Madron Urban District was abolished in 1934, when it was downgraded to a rural parish within the West Penwith Rural District. Ahead of the 1934 reforms, Penzance Borough Council made representation to include the village of Madron within its boundaries but due to strong local resistance this move was defeated, although the Heamoor area was transferred from Madron into the borough of Penzance. The neighbouring parish of Gulval was abolished as part of the same reforms; Gulval village was absorbed into the borough of Penzance, but the more rural northern parts of Gulval parish were added to Madron parish.
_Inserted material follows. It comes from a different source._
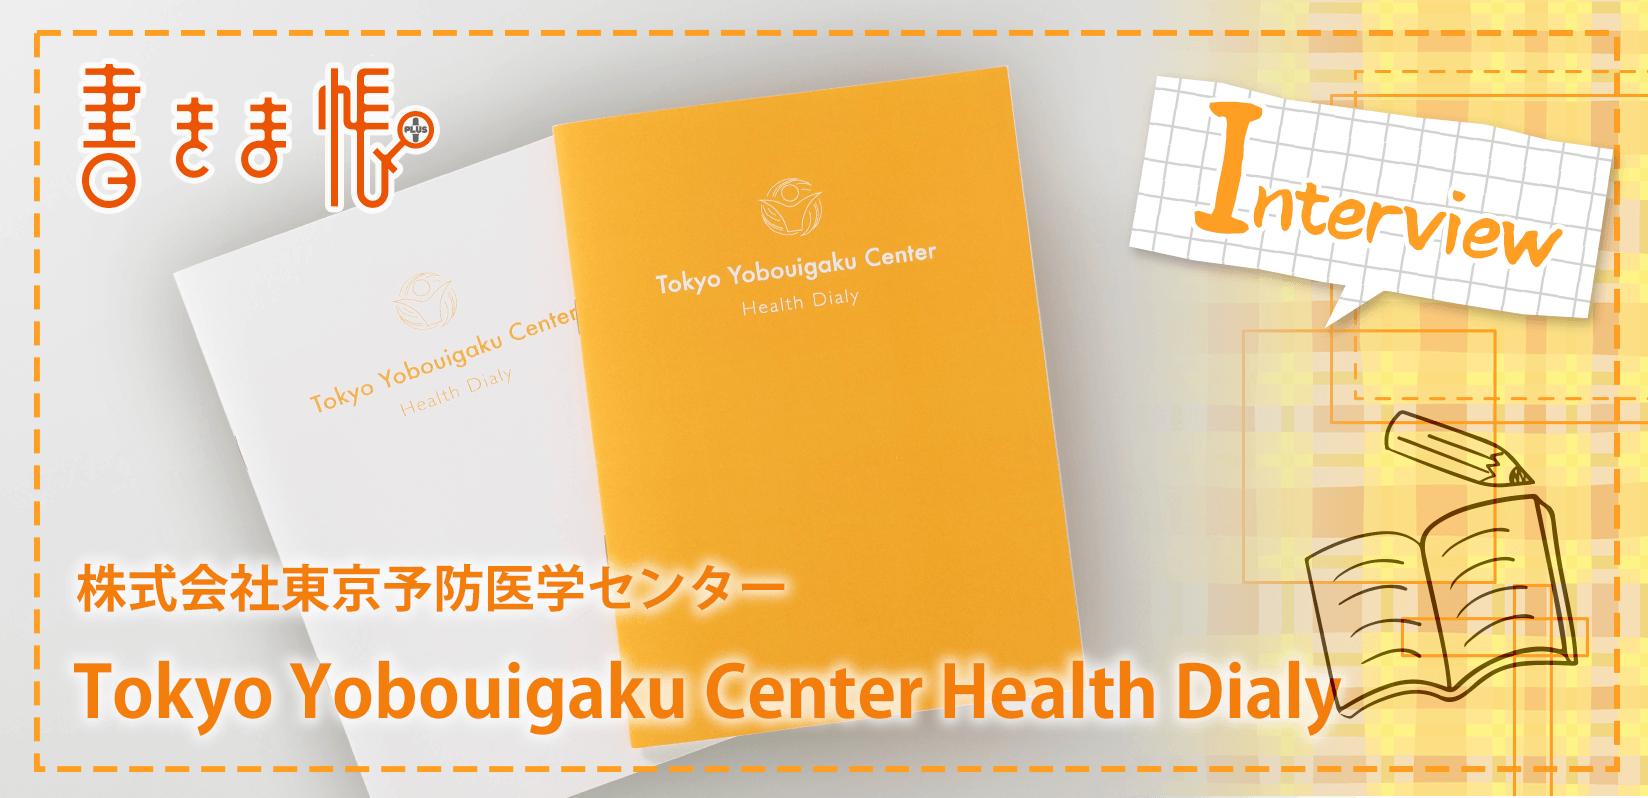 株式会社東京予防医学センター様製作のオリジナルノート「Tokyo Yobouigaku Center Health Dialy」

West Penwith Rural District was abolished in 1974, and the area became part of the Penwith district. Penwith district was in turn abolished in 2009. Cornwall County Council then took on district-level functions, making it a unitary authority, and was renamed Cornwall Council.

==Notable residents==
- William Bolitho (1862–1919), cricketer, banker and British Army officer
- William Sydney Graham (1918–1986), poet and husband of Nessie Dunsmuir, a plaque in Fore Street commemorates him
- John Robyns (1780–1857), Royal Marines officer, who served in the Napoleonic Wars and the War of 1812, and later the Mayor of Penzance
- Alfred Wallis (1855–1942) artist, died in Madron workhouse
- David Neil Liddiard Jenkin (born 1943), Cornish Wrestling and Judo Champion, Great Britain Wrestling (Sombo) and British Judo Council (England) representative. Coach to the British wrestling (Sombo) team at the World Games Den Haag, 1993. British Judo Association National vet's under 78 kilo champion 1990/91. European (IBF) Open and Middleweight Judo champion. World Sombo (U81k) silver medallist. Attended Madron School and Lescudjack County Secondary, Penzance. Represented the University of Heidelberg (Ruphrects Karl) at the German student judo championships, Aachen, 1971. Son of Leonard and 'Poppy' Jenkin.